I know it's tough, but try to buck up, little campers.
Just like there are movies I *must* watch every Halloween, there are movies I *must* watch every Christmas season. I can skip the egg nog, I only use candy canes for decoration, but if it's Christmas, I'm watching holiday movies. And this 1994 comedy was first into the DVD player.
A burglar is forced to take a bickering, disfunctional couple hostage on Christmas Eve. When the delinquent son and horrid in-laws show up, he's got to referee the fights, solve their problems and save Christmas -- suddenly twenty years in the slammer doesn't sound so bad.
You've got Denis Leary and Kevin Spacey -- hard to go wrong there. The movie's just funny as hell, and it's got classic line after classic line.
You know what I'm going to get you next Christmas, Mom?

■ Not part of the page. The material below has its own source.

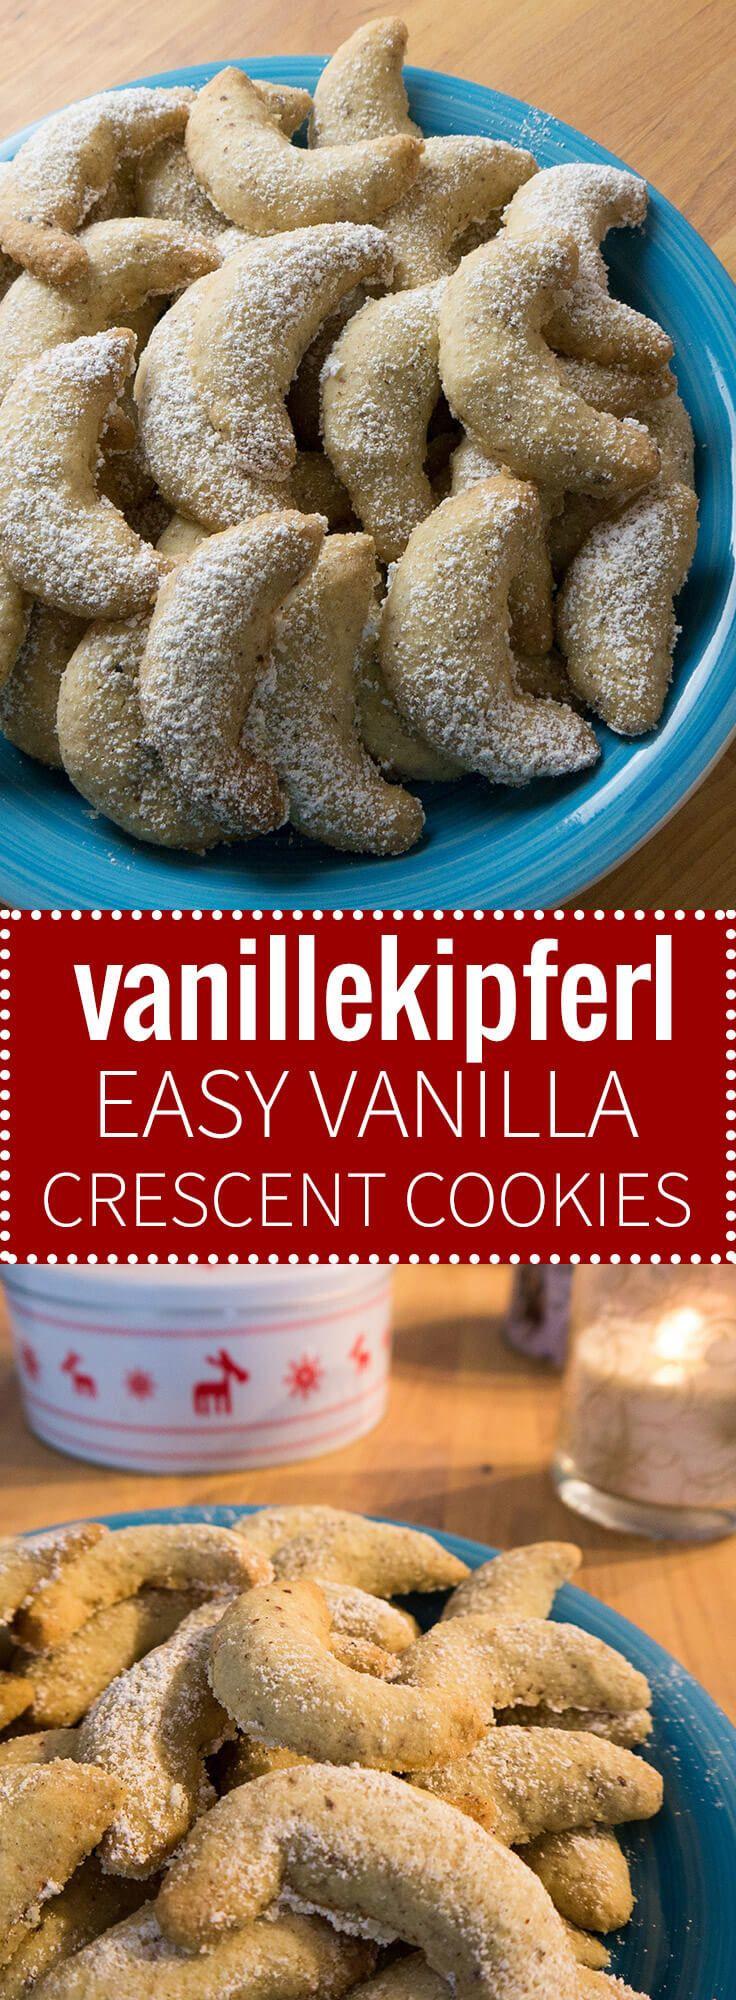 German Christmas Cookies  Vanillekipferl German Vanilla Crescent Cookies are

A big wooden cross, so that every time you feel unappreciated for your sacrifices, you can climb on up and nail yourself to it.
And it reminds me of what a lot of real holiday gatherings are like -- you're trapped, it's messy, troubled and full of hurt feelings, misunderstandings and people you're related to but don't particularily like.
Because what family doesn't have the crazy aunt trying to "find herself"? The delinquent kid? The couple who *hate* one another and are always fighting? The old bat/bastard everyone secretly despises?
Christmas ... a hostage situation. With pie.
/em looks around ... OK, maybe it's just me. But you can't tell me I'm the only one whose family discussed anti-depressant dosages, forced surrogate parenting or child abduction at Thanksgiving.
I am? ... Damnit.
Oh well -- my family's not big on the gathering in one place anymore, anyway. It's not good for the cosmic balance.
If the holidays make you a little crazy, try this movie. At least you'll know you're not alone.